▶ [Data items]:
*** Begin section ***
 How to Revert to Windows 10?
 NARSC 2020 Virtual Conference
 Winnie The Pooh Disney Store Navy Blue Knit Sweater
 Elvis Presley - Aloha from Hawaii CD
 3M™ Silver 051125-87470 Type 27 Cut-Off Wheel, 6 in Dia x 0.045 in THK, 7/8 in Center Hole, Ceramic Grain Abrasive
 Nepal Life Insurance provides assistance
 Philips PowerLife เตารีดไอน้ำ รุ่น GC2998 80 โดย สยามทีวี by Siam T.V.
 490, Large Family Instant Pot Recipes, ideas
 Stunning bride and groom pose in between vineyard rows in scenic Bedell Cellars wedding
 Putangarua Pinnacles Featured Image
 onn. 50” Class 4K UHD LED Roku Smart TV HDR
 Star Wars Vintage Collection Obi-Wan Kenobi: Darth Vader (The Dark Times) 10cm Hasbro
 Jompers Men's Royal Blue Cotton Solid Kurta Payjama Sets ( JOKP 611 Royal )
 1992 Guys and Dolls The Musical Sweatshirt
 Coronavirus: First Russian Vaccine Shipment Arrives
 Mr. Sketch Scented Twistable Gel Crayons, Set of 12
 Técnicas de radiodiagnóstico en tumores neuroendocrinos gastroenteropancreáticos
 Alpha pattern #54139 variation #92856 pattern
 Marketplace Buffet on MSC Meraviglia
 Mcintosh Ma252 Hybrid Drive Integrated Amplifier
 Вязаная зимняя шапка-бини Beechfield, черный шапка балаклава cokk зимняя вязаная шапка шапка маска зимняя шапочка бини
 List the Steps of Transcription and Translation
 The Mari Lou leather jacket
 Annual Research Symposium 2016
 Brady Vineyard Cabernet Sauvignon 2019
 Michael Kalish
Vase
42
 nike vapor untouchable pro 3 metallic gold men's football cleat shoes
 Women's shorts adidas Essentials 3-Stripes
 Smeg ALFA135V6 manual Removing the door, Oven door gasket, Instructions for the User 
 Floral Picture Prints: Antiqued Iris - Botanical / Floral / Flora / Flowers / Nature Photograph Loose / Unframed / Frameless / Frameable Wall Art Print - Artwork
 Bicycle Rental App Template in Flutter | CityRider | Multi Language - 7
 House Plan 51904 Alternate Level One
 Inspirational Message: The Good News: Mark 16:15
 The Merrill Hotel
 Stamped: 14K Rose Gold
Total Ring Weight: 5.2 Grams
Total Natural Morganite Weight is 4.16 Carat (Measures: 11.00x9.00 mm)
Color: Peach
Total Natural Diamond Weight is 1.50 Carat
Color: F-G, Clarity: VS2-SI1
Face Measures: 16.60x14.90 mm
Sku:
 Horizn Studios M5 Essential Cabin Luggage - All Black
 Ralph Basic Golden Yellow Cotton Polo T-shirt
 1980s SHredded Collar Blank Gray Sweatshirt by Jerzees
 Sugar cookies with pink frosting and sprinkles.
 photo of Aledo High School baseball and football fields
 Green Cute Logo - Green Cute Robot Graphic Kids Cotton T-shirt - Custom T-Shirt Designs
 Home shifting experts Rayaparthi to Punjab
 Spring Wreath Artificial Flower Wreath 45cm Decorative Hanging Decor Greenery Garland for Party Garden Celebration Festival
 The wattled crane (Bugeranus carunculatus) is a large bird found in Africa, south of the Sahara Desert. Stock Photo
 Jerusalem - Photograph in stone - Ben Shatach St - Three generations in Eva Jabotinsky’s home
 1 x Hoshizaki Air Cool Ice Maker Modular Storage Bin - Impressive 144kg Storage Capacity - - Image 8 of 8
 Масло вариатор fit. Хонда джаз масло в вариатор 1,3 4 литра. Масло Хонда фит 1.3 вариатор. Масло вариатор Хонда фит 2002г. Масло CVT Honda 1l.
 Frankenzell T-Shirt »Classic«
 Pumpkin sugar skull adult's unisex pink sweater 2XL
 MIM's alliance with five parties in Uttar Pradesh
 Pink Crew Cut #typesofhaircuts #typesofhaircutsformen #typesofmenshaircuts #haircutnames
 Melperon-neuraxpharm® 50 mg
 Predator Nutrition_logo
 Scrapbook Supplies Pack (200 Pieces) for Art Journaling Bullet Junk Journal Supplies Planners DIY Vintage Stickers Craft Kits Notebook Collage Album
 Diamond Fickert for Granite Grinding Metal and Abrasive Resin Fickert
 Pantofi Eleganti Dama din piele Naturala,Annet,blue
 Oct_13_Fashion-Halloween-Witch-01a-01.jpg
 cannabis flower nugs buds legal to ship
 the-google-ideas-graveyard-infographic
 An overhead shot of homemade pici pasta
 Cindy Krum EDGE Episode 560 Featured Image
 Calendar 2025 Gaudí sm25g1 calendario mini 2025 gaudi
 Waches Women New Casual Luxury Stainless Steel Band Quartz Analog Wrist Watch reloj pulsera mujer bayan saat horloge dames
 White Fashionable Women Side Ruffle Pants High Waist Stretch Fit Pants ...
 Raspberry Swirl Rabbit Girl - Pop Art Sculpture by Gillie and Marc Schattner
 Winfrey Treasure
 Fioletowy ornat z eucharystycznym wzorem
*** End section ***
▶ [What to produce]: Repeat only the stretch of lines starting at the one containing "White Fashionable Women" and running to the final line of the entries above.

▶ [Solution for this task]:
 White Fashionable Women Side Ruffle Pants High Waist Stretch Fit Pants ...
 Raspberry Swirl Rabbit Girl - Pop Art Sculpture by Gillie and Marc Schattner
 Winfrey Treasure
 Fioletowy ornat z eucharystycznym wzorem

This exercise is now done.